§ **Task item**
Down to the last line, print the data that follows exactly, without its pictures.

§ **Data excerpt**
++++++++++++++++++++

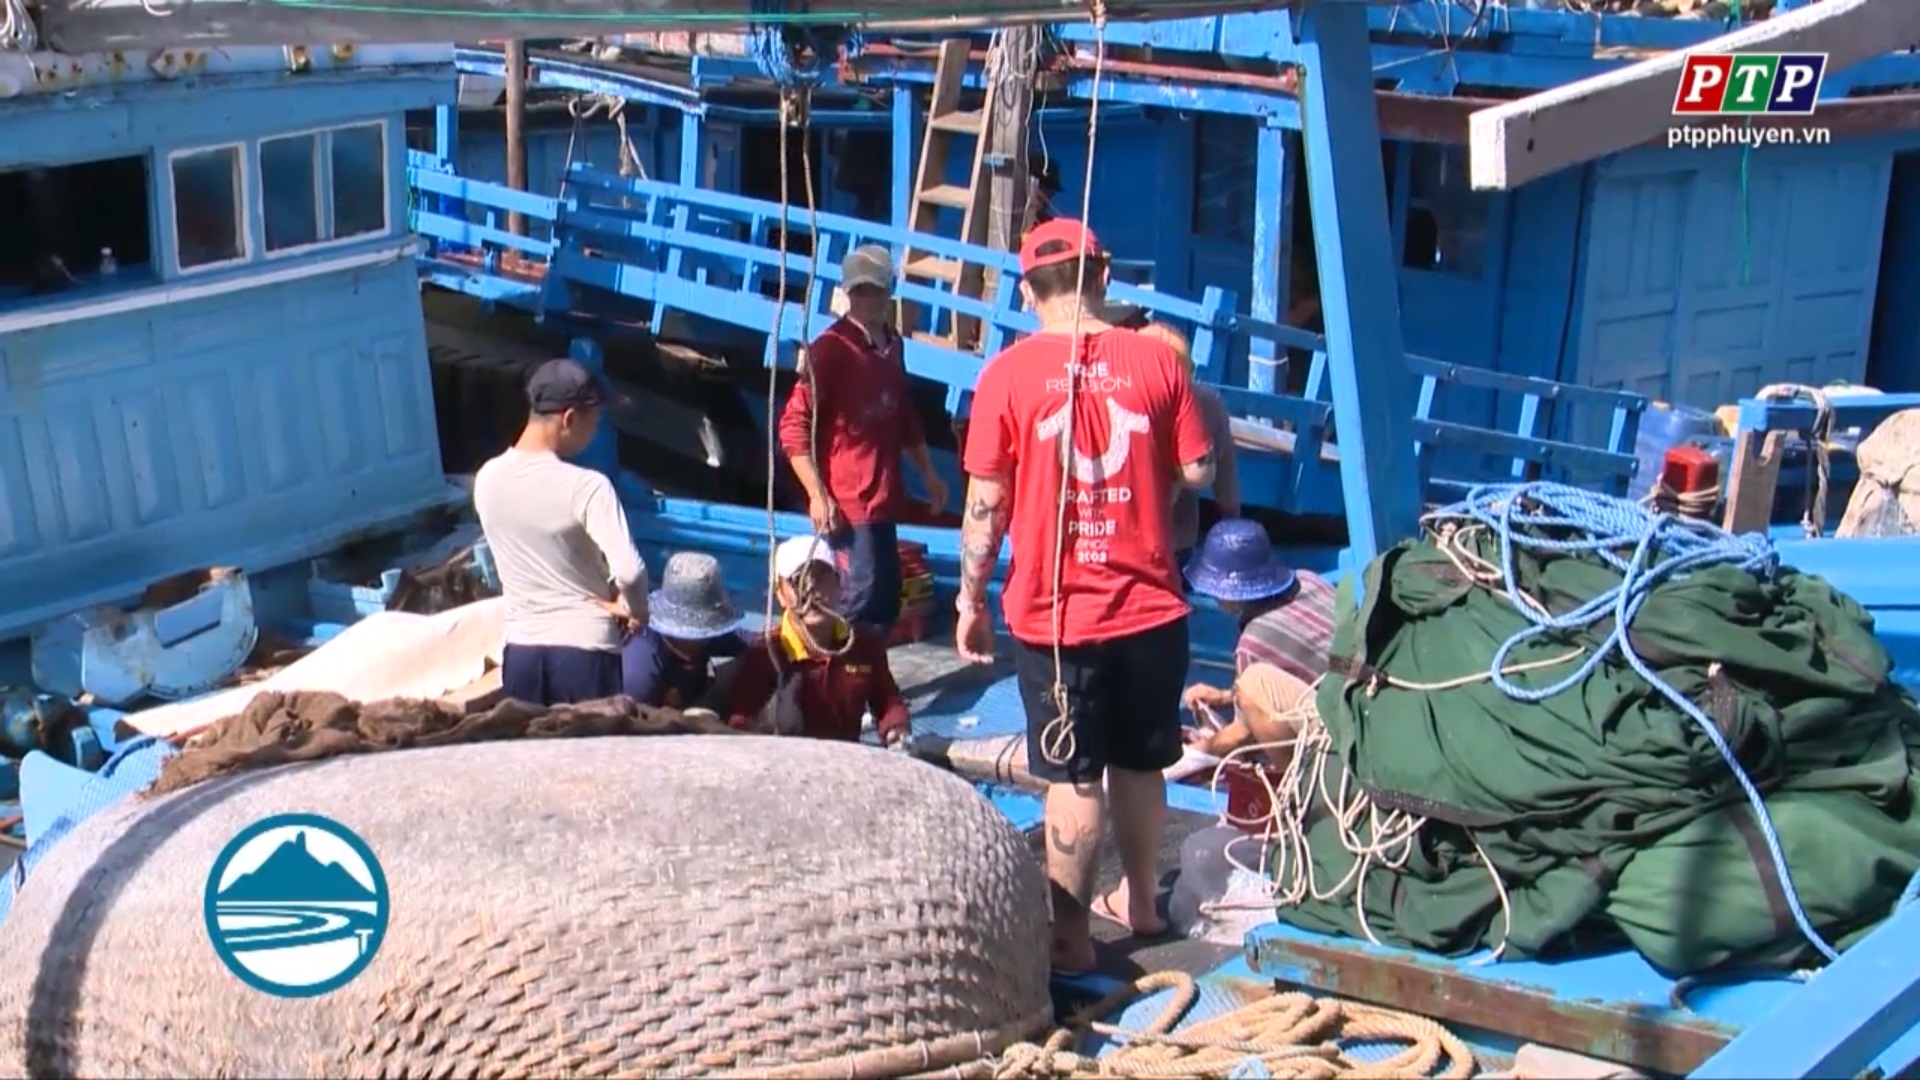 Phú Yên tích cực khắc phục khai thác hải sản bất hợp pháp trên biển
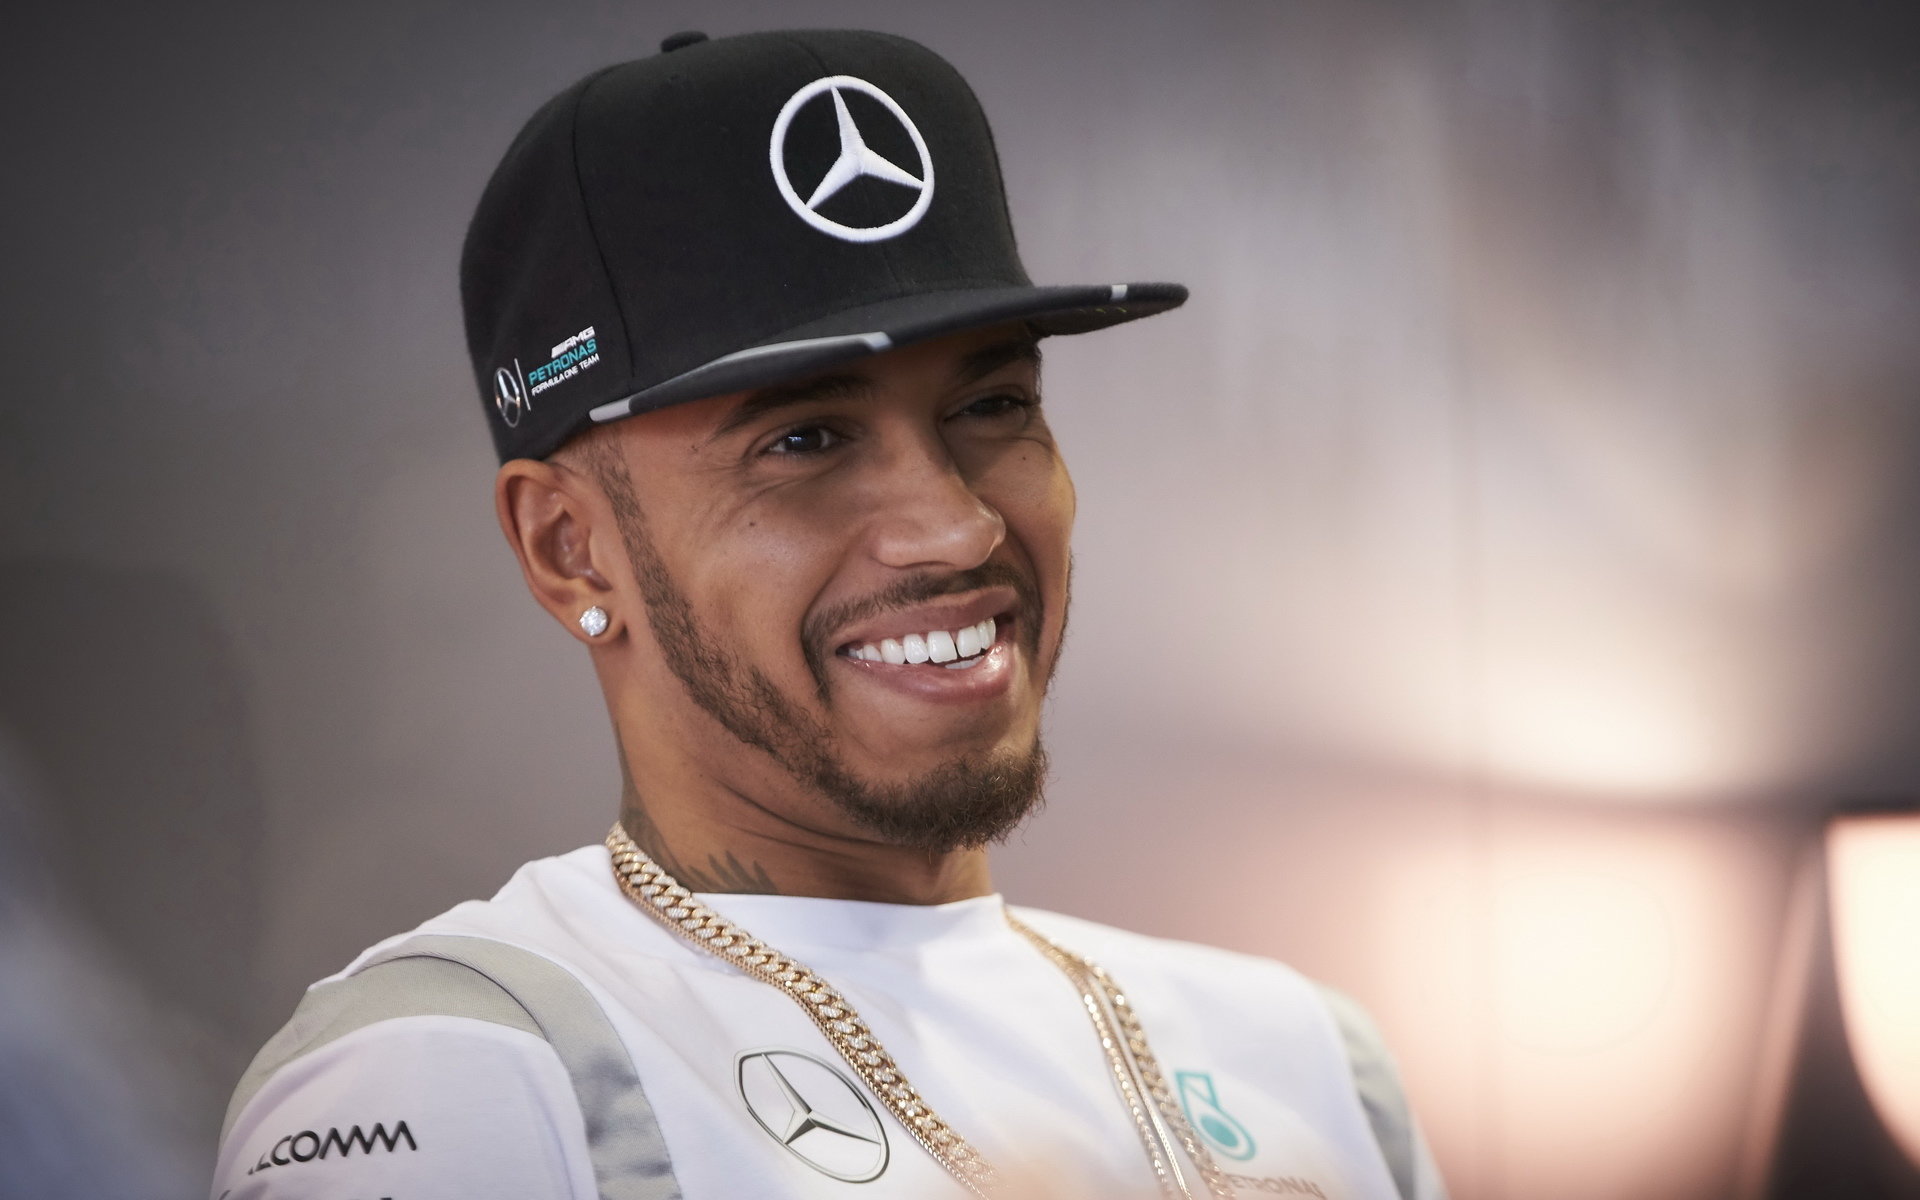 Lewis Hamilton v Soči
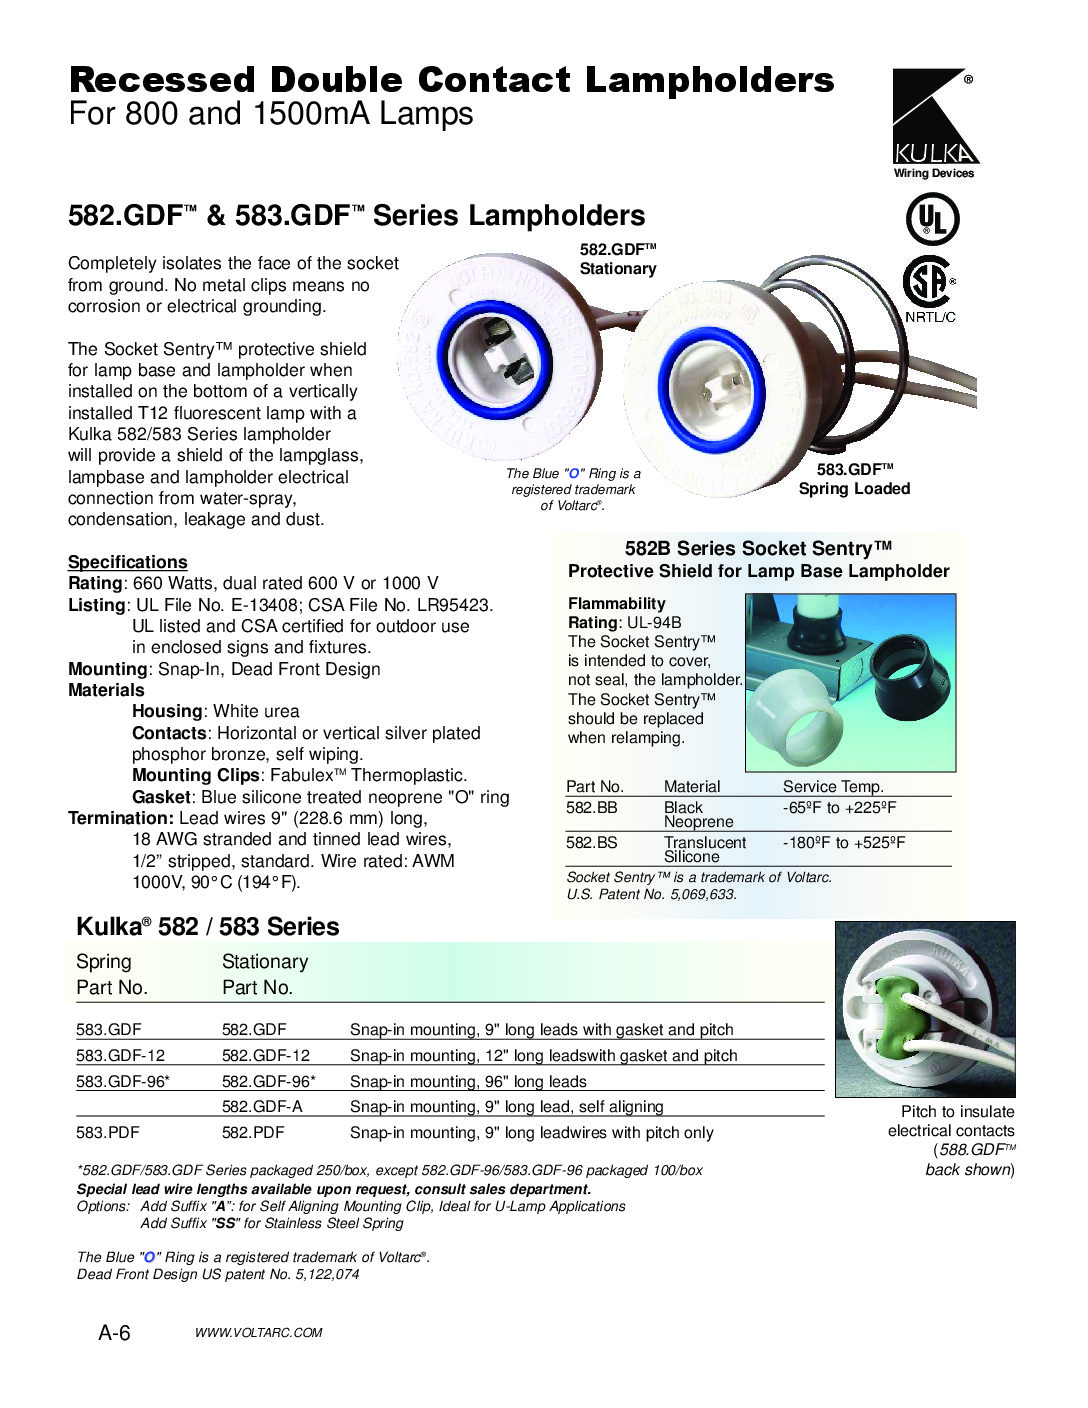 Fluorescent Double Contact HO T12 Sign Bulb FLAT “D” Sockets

++++++++++++++++++++

§ **Result**
 Phú Yên tích cực khắc phục khai thác hải sản bất hợp pháp trên biển
 Lewis Hamilton v Soči
 Fluorescent Double Contact HO T12 Sign Bulb FLAT “D” Sockets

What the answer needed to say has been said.